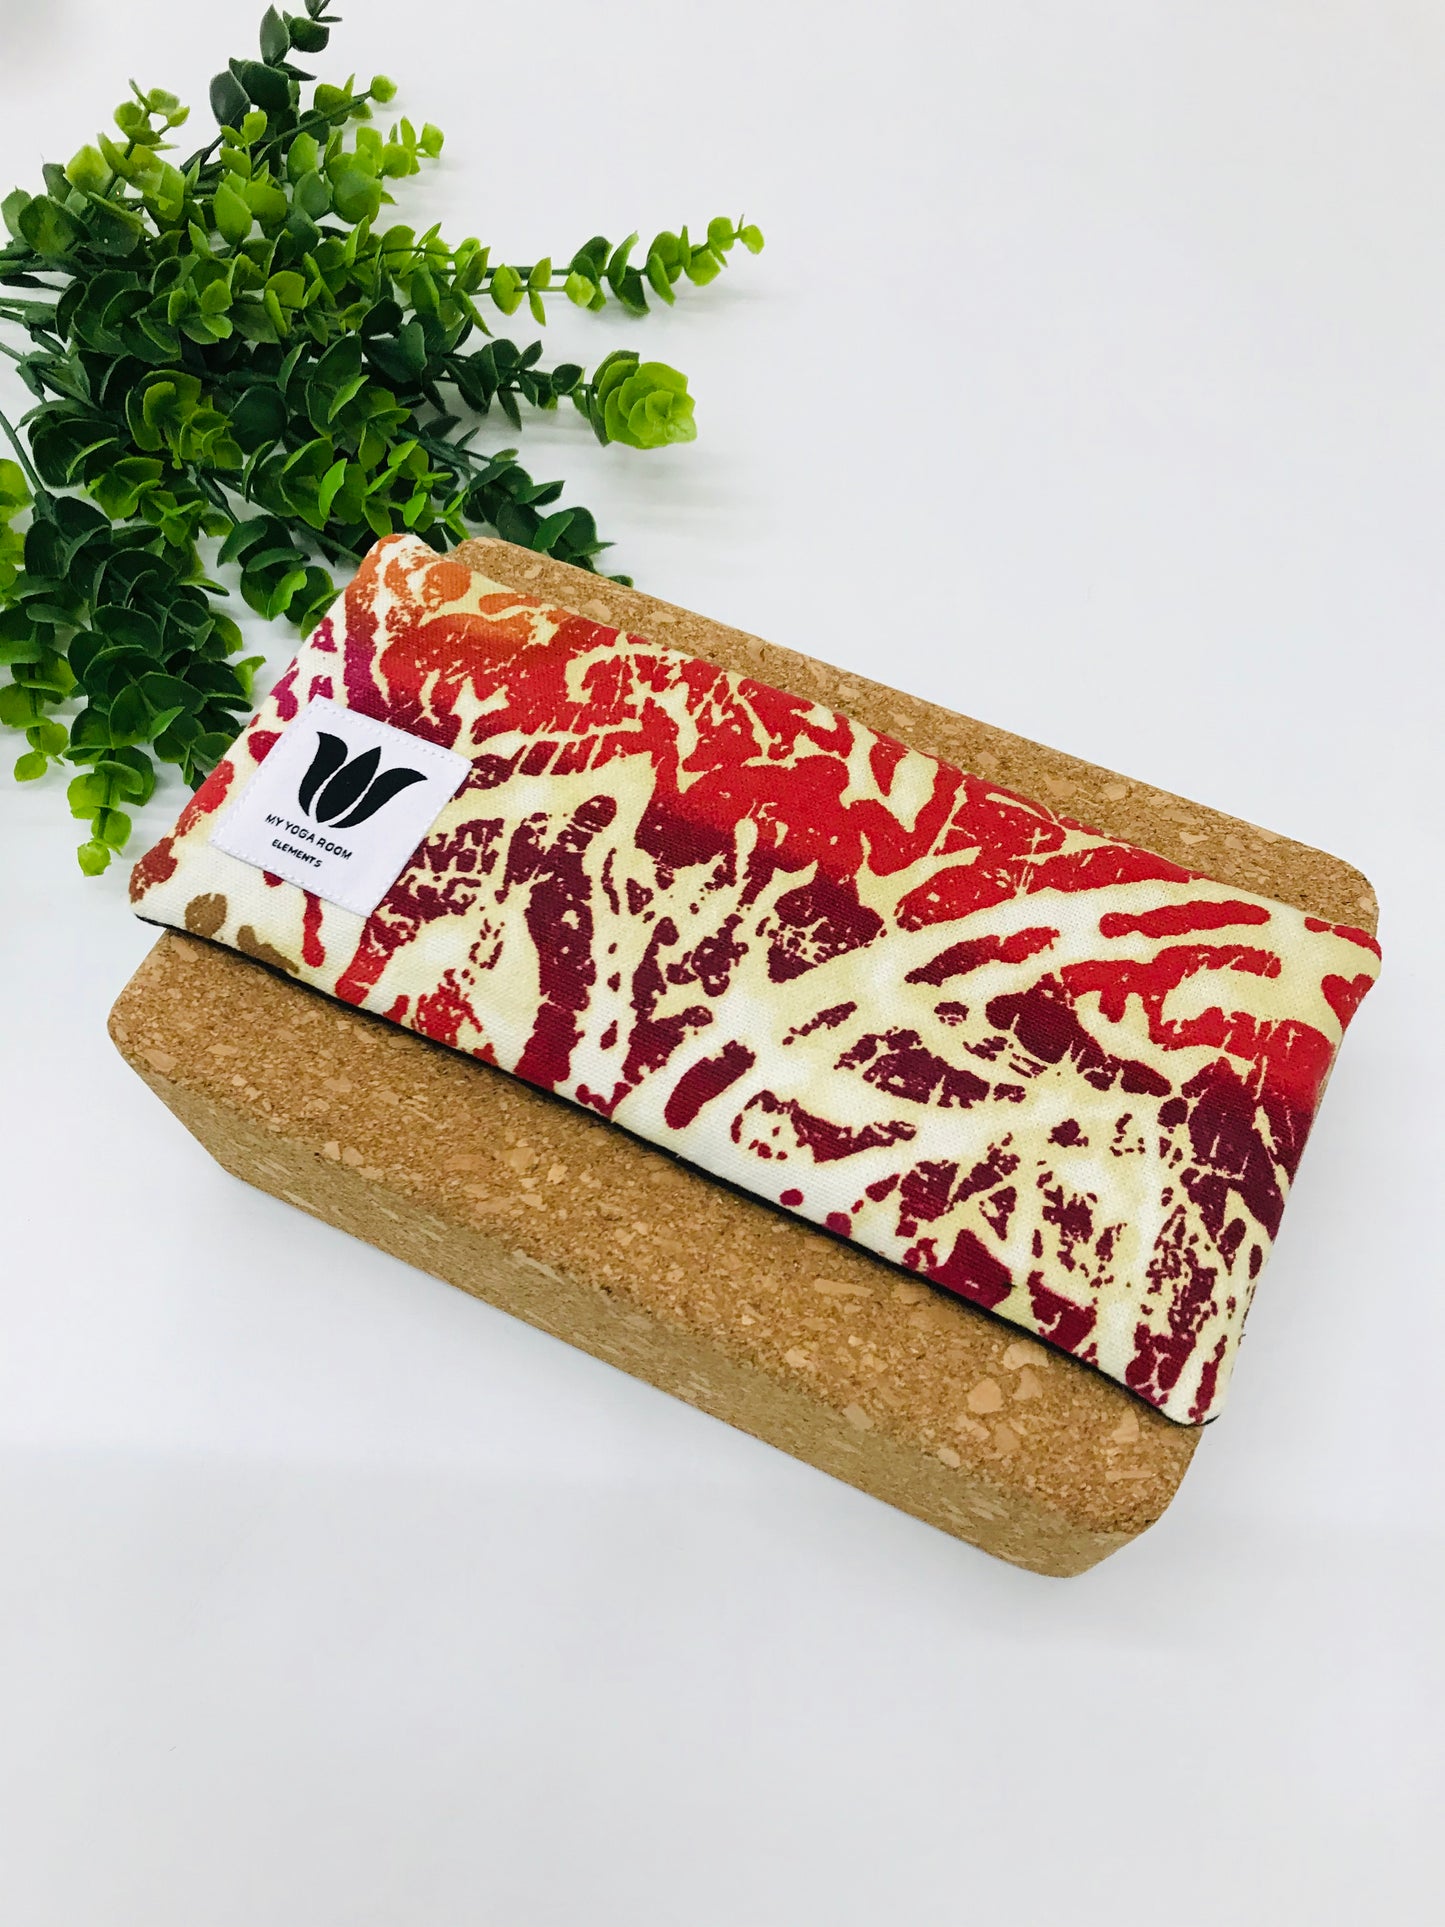 Yoga eye pillow, unscented, therapeutically weighted to soothe eye strain and stress or enhance your savasana. Handcrafted in Canada by My Yoga Room Elements. Orange/pink/purple modern print and bamboo fabric.
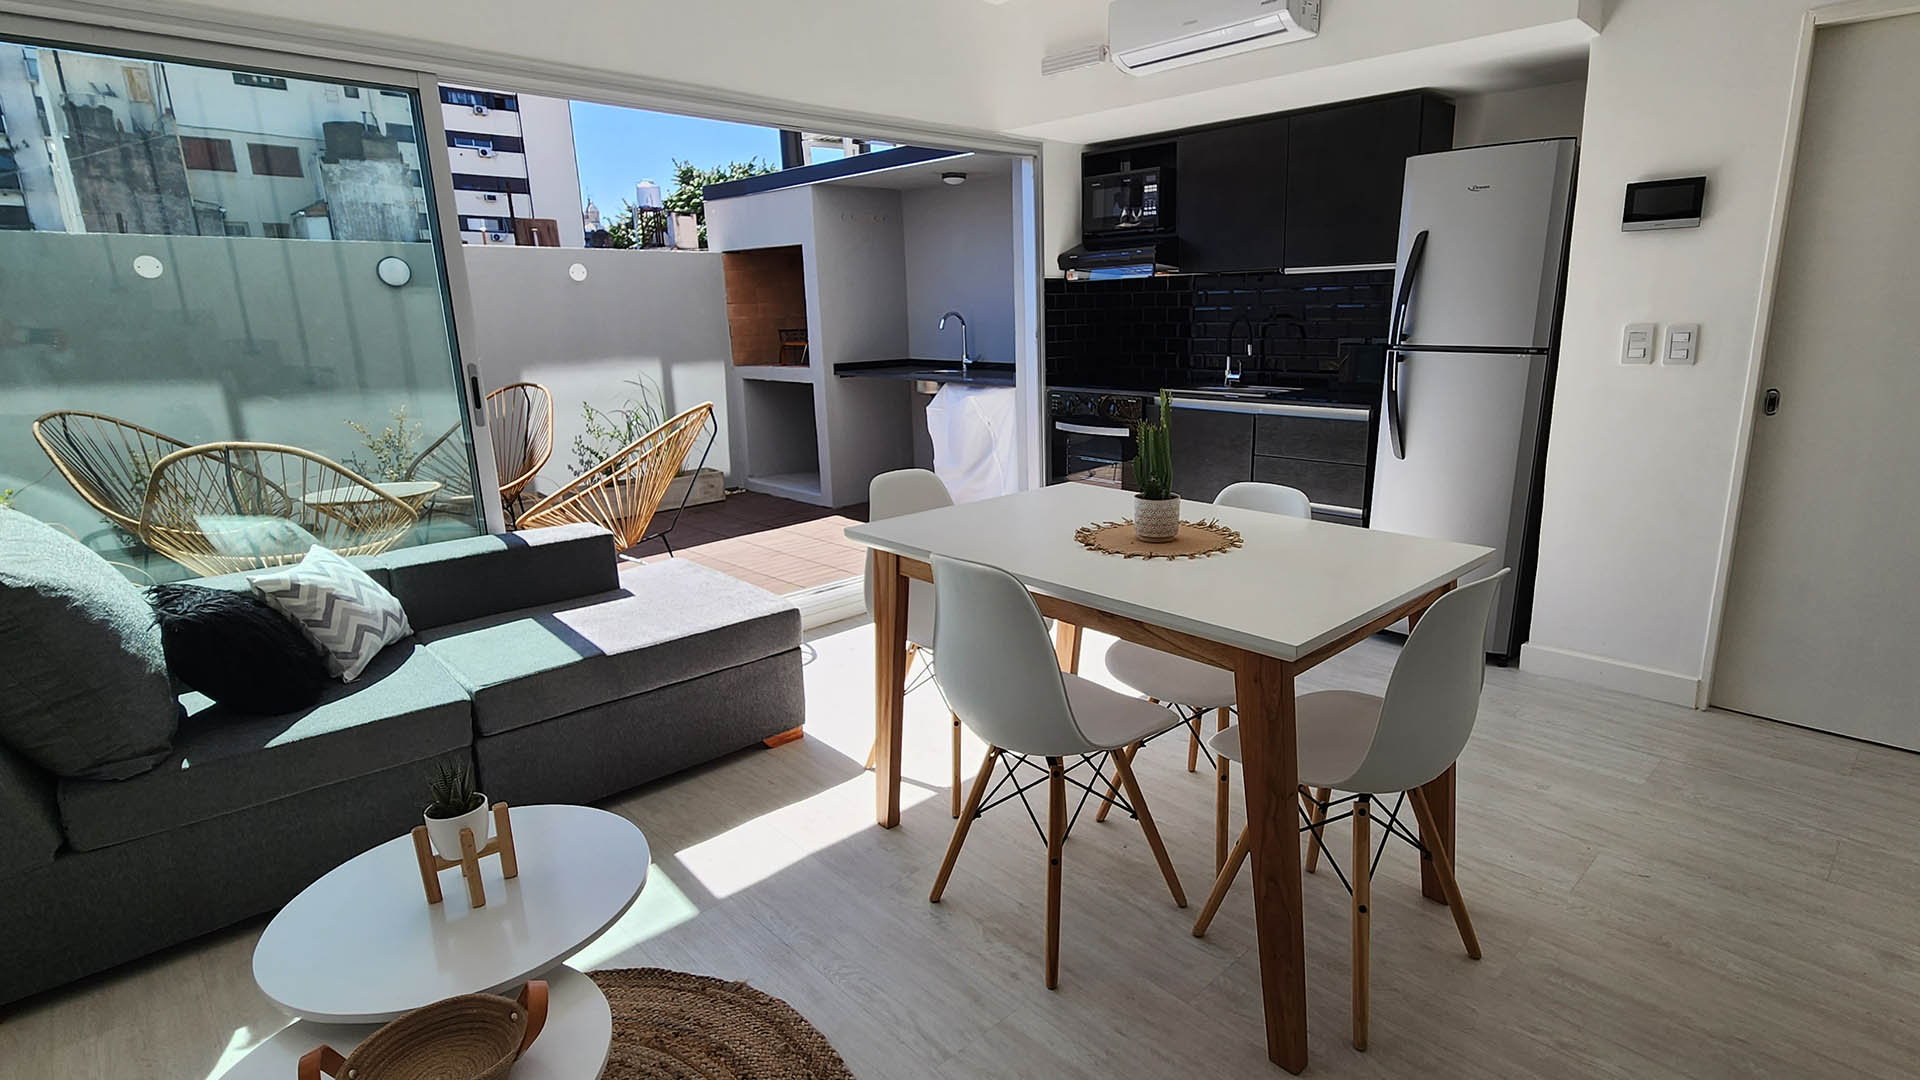 This is a unit in the PH Eco project that already works in the San Telmo neighborhood, the connection with the outside was also prioritized in the proposal
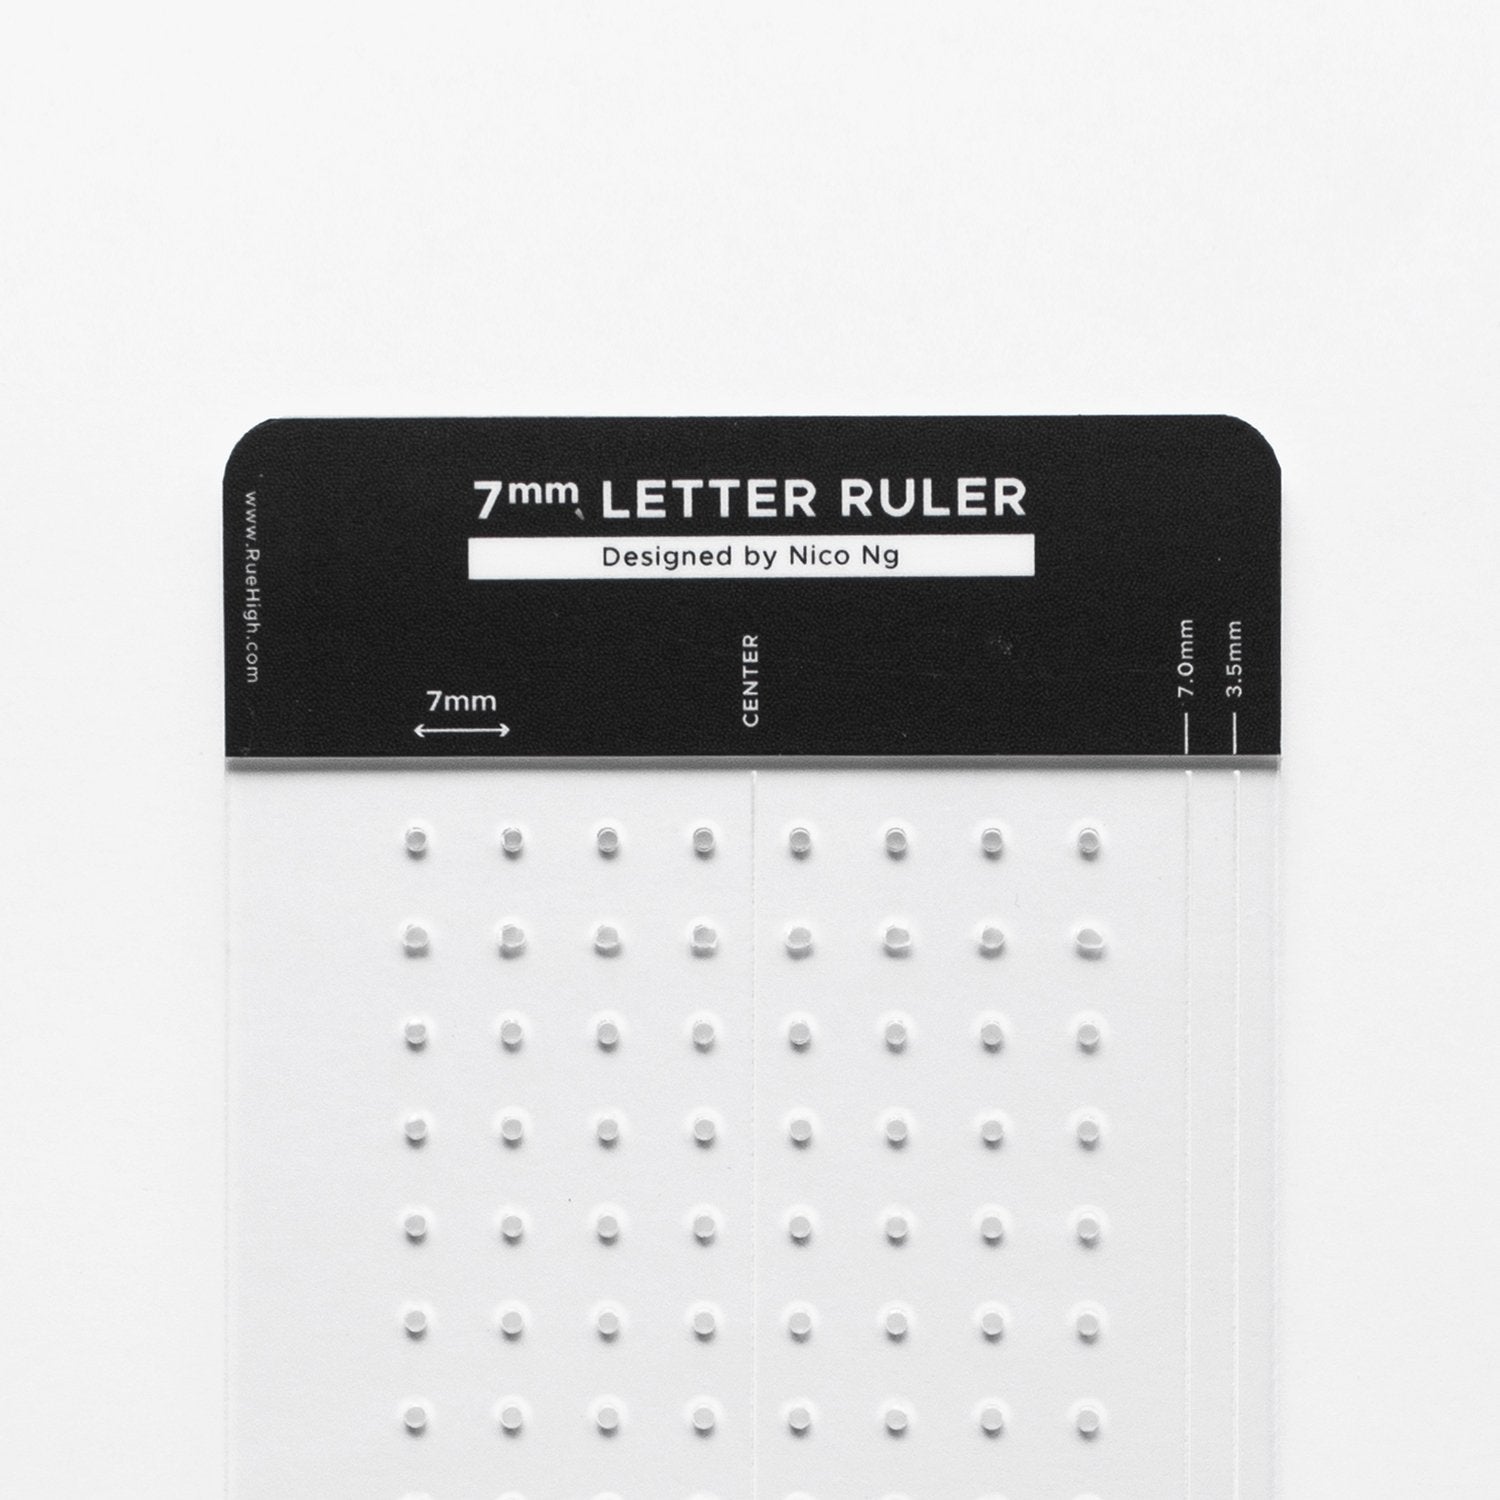 RUEHIGH Letter Ruler 7mm by Nico Ng

**Task details**
Reproduce each line above precisely, with no pictures.

**Exercise response**
 Yoga eye pillow, unscented, therapeutically weighted to soothe eye strain and stress or enhance your savasana. Handcrafted in Canada by My Yoga Room Elements. Orange/pink/purple modern print and bamboo fabric.
 This is a unit in the PH Eco project that already works in the San Telmo neighborhood, the connection with the outside was also prioritized in the proposal
 RUEHIGH Letter Ruler 7mm by Nico Ng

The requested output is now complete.